= YOUR INSTRUCTIONS =
In the records below, repeat word for word only the lines starting at the one that contains "Girls blue printed sweatshirt" and ending at the one that contains "1920s Day Dresses, Non-Flapper", pictures excluded.
---- SOURCE INFORMATION
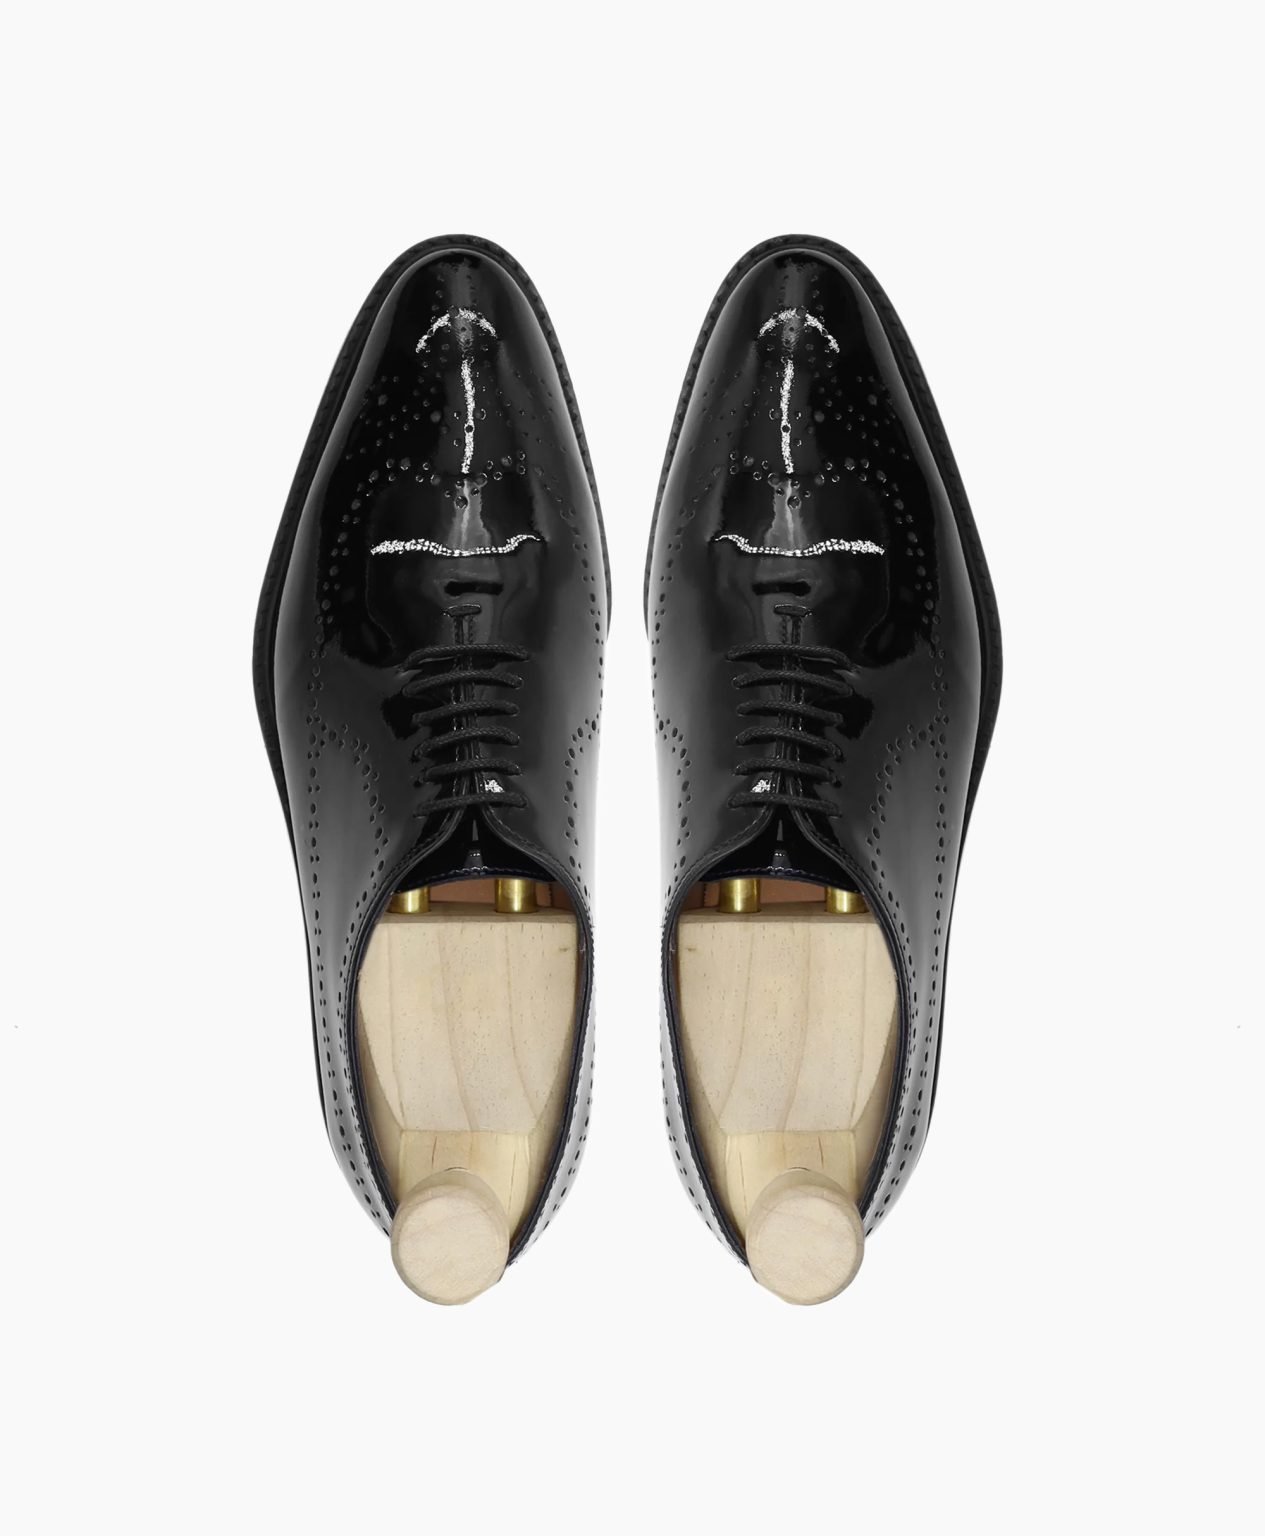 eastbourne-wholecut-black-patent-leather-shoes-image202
--------
---- SOURCE INFORMATION
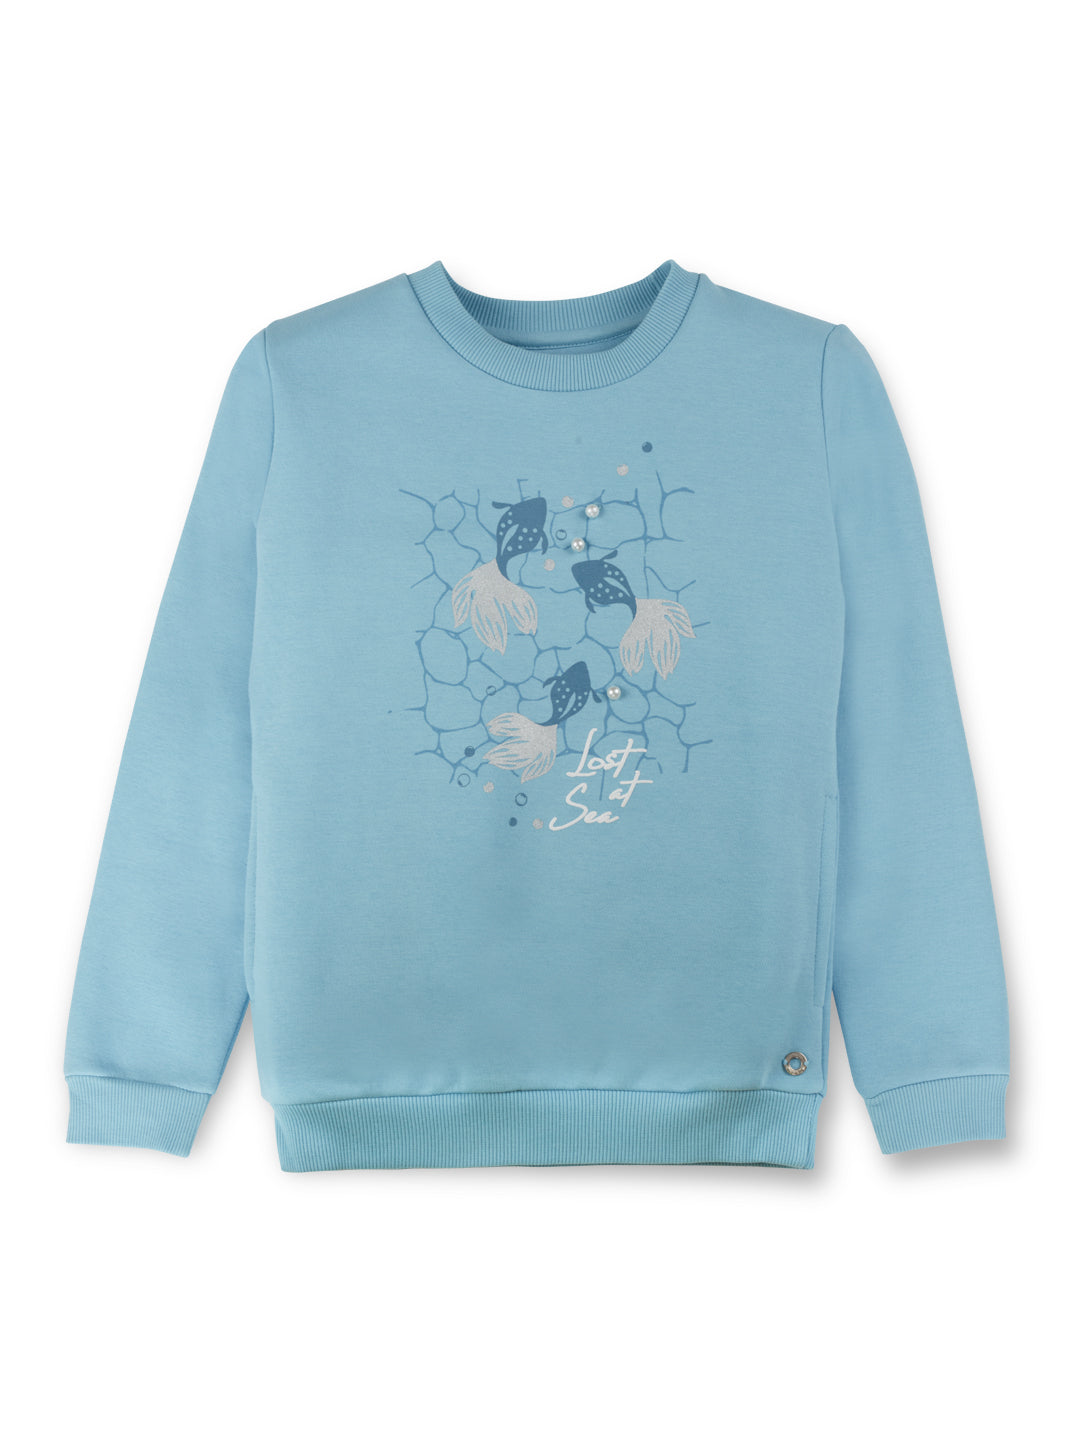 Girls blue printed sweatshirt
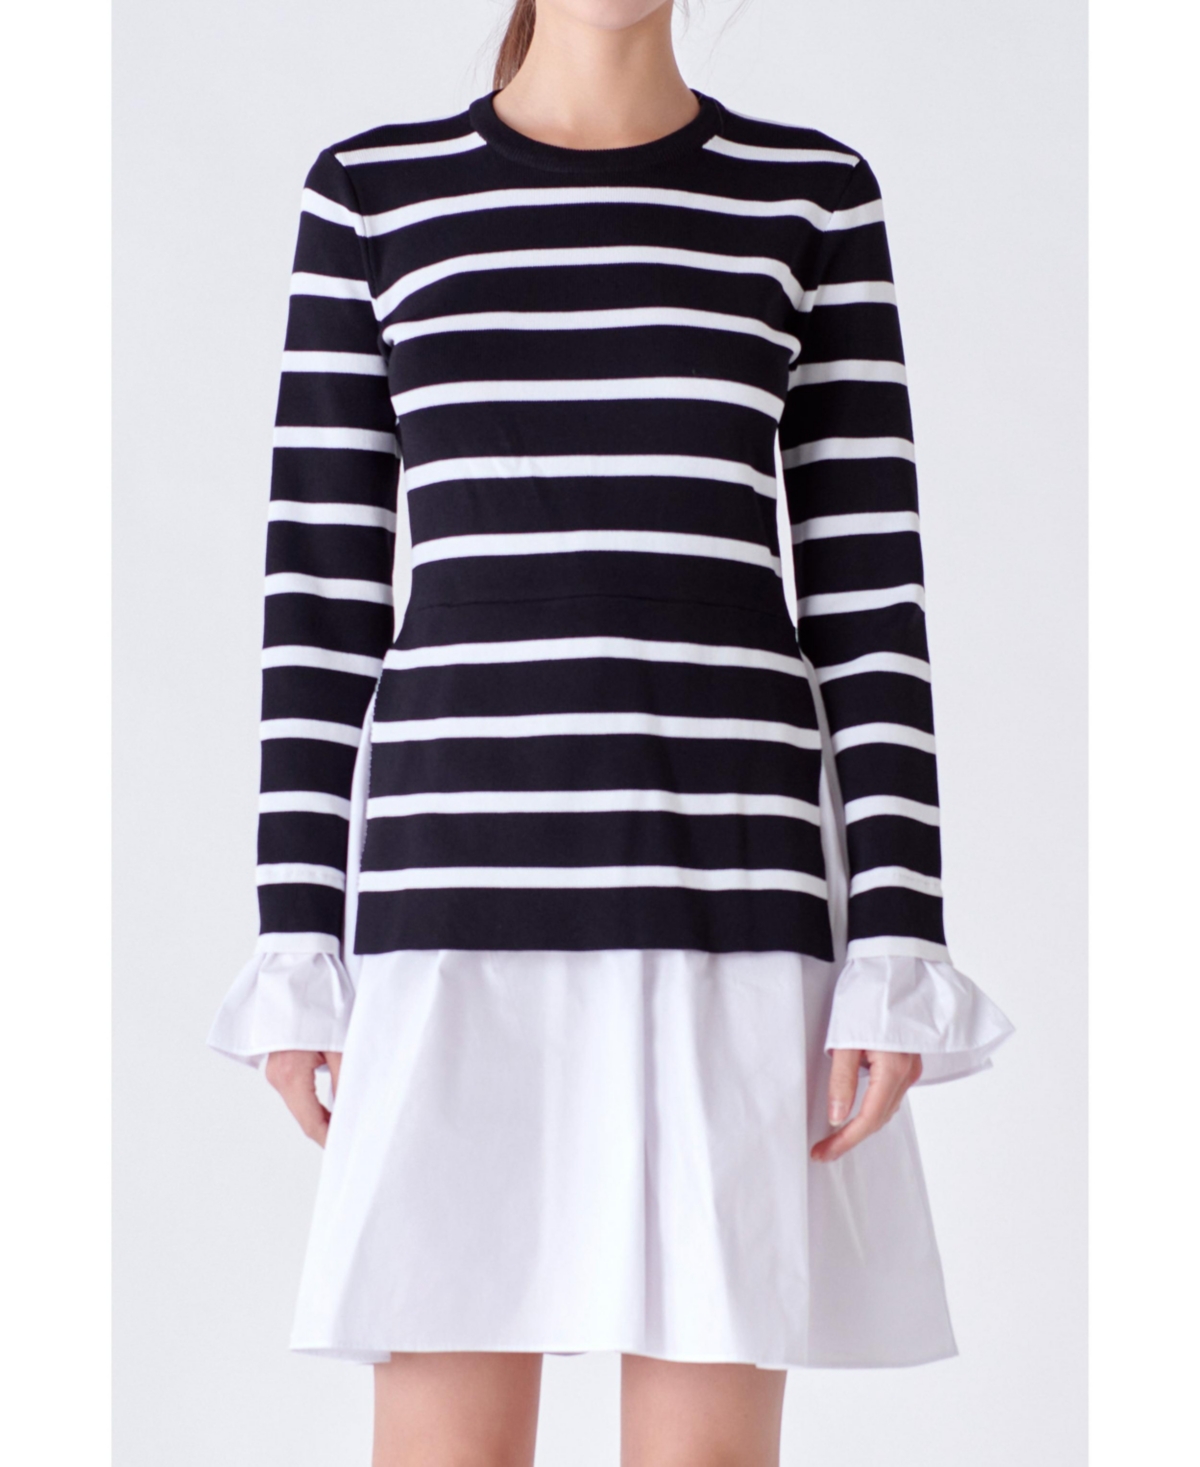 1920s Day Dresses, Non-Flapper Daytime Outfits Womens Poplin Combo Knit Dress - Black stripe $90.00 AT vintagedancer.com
--------
= SOLVED EXERCISE =
 Girls blue printed sweatshirt
 1920s Day Dresses, Non-Flapper Daytime Outfits Womens Poplin Combo Knit Dress - Black stripe $90.00 AT vintagedancer.com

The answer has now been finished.